The reason we are skeptical about President Gerberding's flying around campus is that this is naturally impossible and there is nothing in the religio-historical context of the event to make us suspect that God would do such a thing. But, as I explained, it is radically different in the case of Jesus' resurrection, given his own unparalleled life and teaching.

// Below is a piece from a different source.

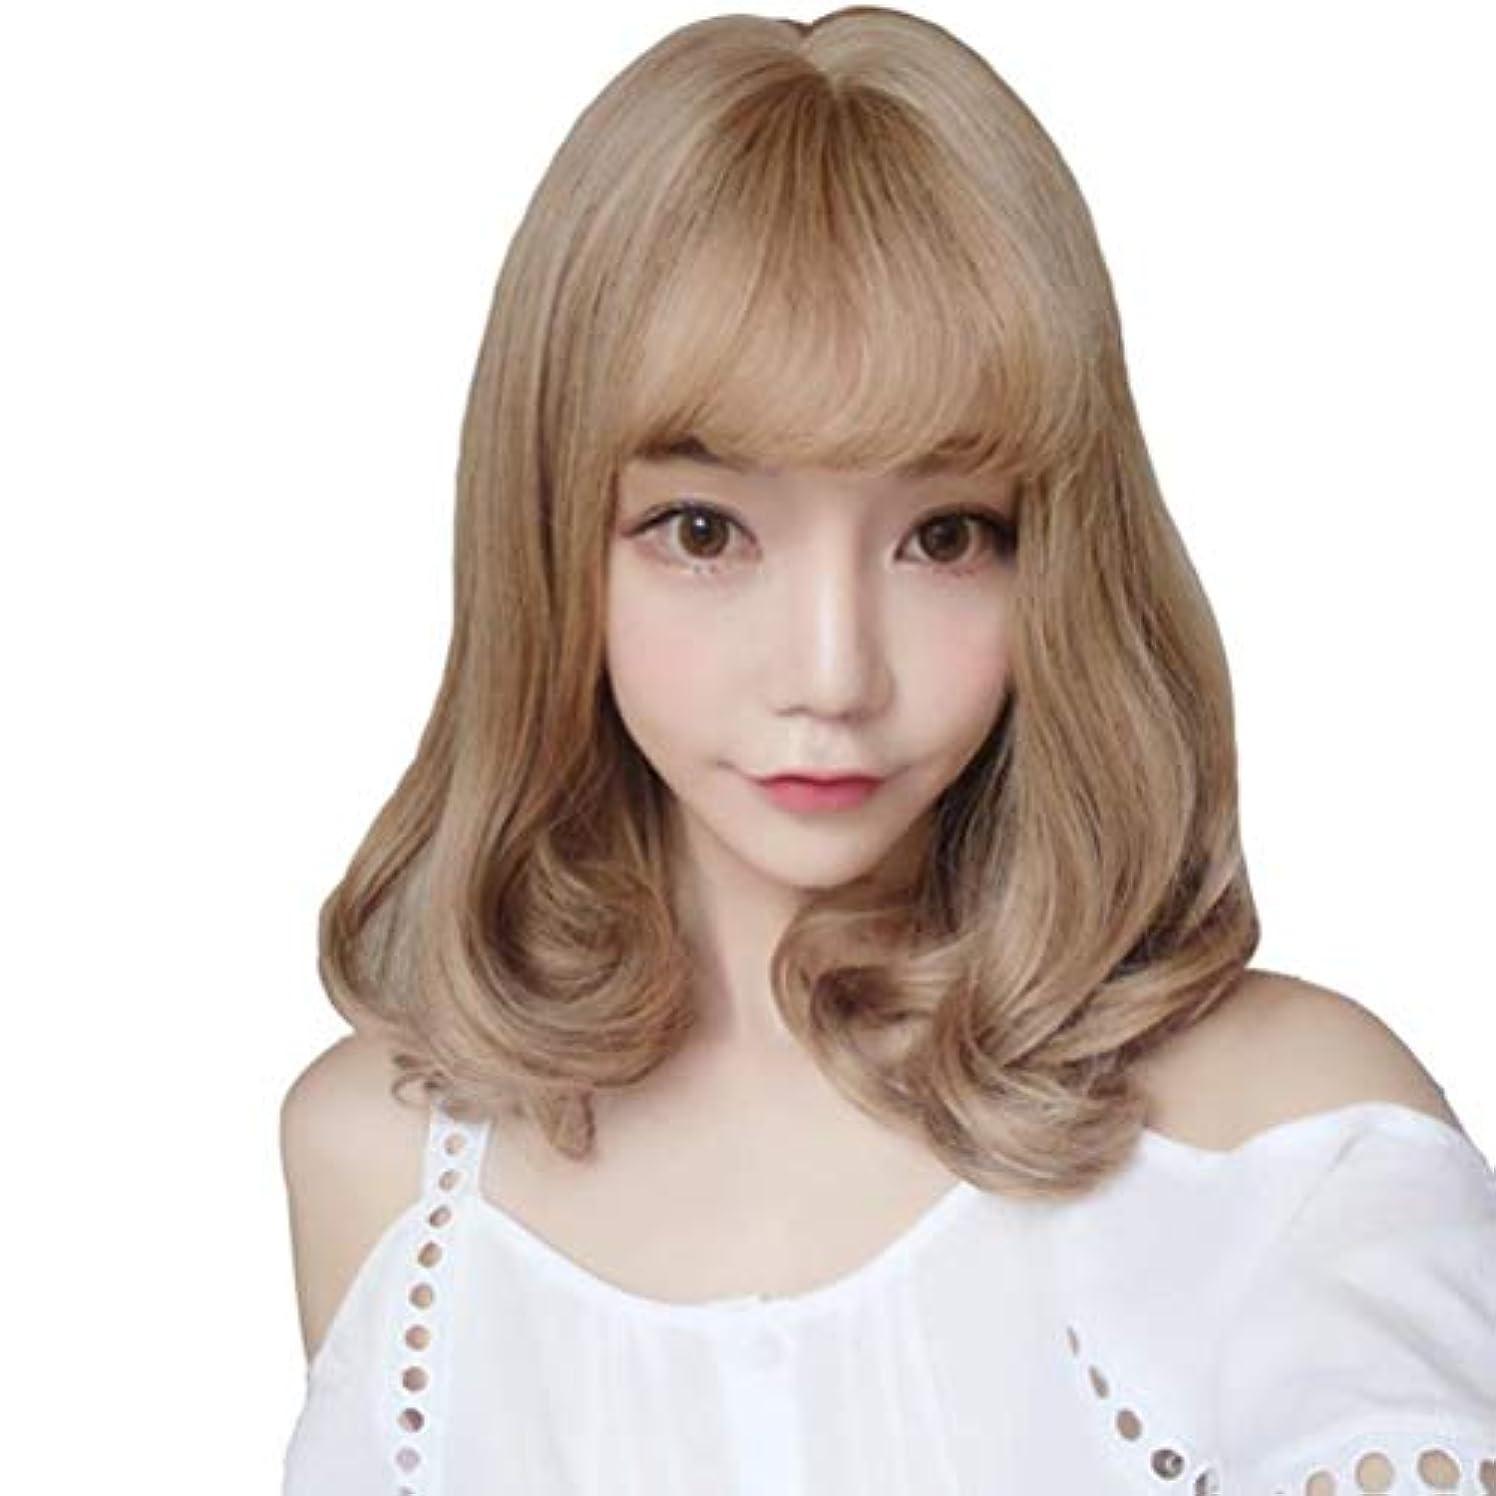 適応する鉛コミュニケーションウィッグリネンブラウンイエロー高温シルクショート巻き毛リアルなヘアスタイル LH2205 (リネンブラウンイエロー)

Well, then, how good is the evidence for the facts of the empty tomb, the resurrection appearances, and the origin of the disciples' belief in the resurrection? In his last rebuttal, Dr. Washington finally gets around to addressing that question. Notice that he does not say anything to dispute the fact of the empty tomb. Nor does he offer any refutation of the fact of Jesus' post-mortem appearances. Rather he directs all his attention to the question of the origin of the disciples' belief in the resurrection. He does not deny that the first disciples came sincerely to believe in Jesus' resurrection and were willing to go to their deaths for that belief. In my opening speech I argued that the disciples' belief cannot be explained in terms of either Christian influences or Jewish influences. I did not mention pagan influences because no informed scholar today would hold such a thing. This sort of explanation was popular back around the turn of the century in the so-called "History of Religions School." The movement soon collapsed, however, principally for two reasons: (i) The supposed parallels are spurious. In his important study The Post- Resurrection Appearance Stories of the Gospel Tradition (Stuttgart: Calwer Verlag, 1975), John Alsup has examined all the alleged parallels to Jesus' resurrection and shown them to be apotheosis stories, disappearance stories, etc., not resurrection accounts. The myths of dying and rising gods like Osiris or Adonis, for example, concern merely seasonal symbols for the crop cycle--the plants dying in winter and coming back to life in the spring. (ii) There is no causal link to the disciples' belief. This is evident in Dr. Washington's own examples from ancient Mexico or Nepal. According to Gerhard Kittel, there is "no trace" of myths of dying and rising gods in first century Palestine (Gerhard Kittel, "Die Auferstehung Jesu," Deutsche Theologie 4 [1937]: 159). Thus, no informed scholar would today argue that the original disciples came to believe that Jesus rose from the dead due to pagan influences. It is not surprising that as a philosopher Dr. Washington should be unfamiliar with the field of New Testament studies and historical Jesus research; but it is a shame that this sort of ignorance should be perpetuated among students.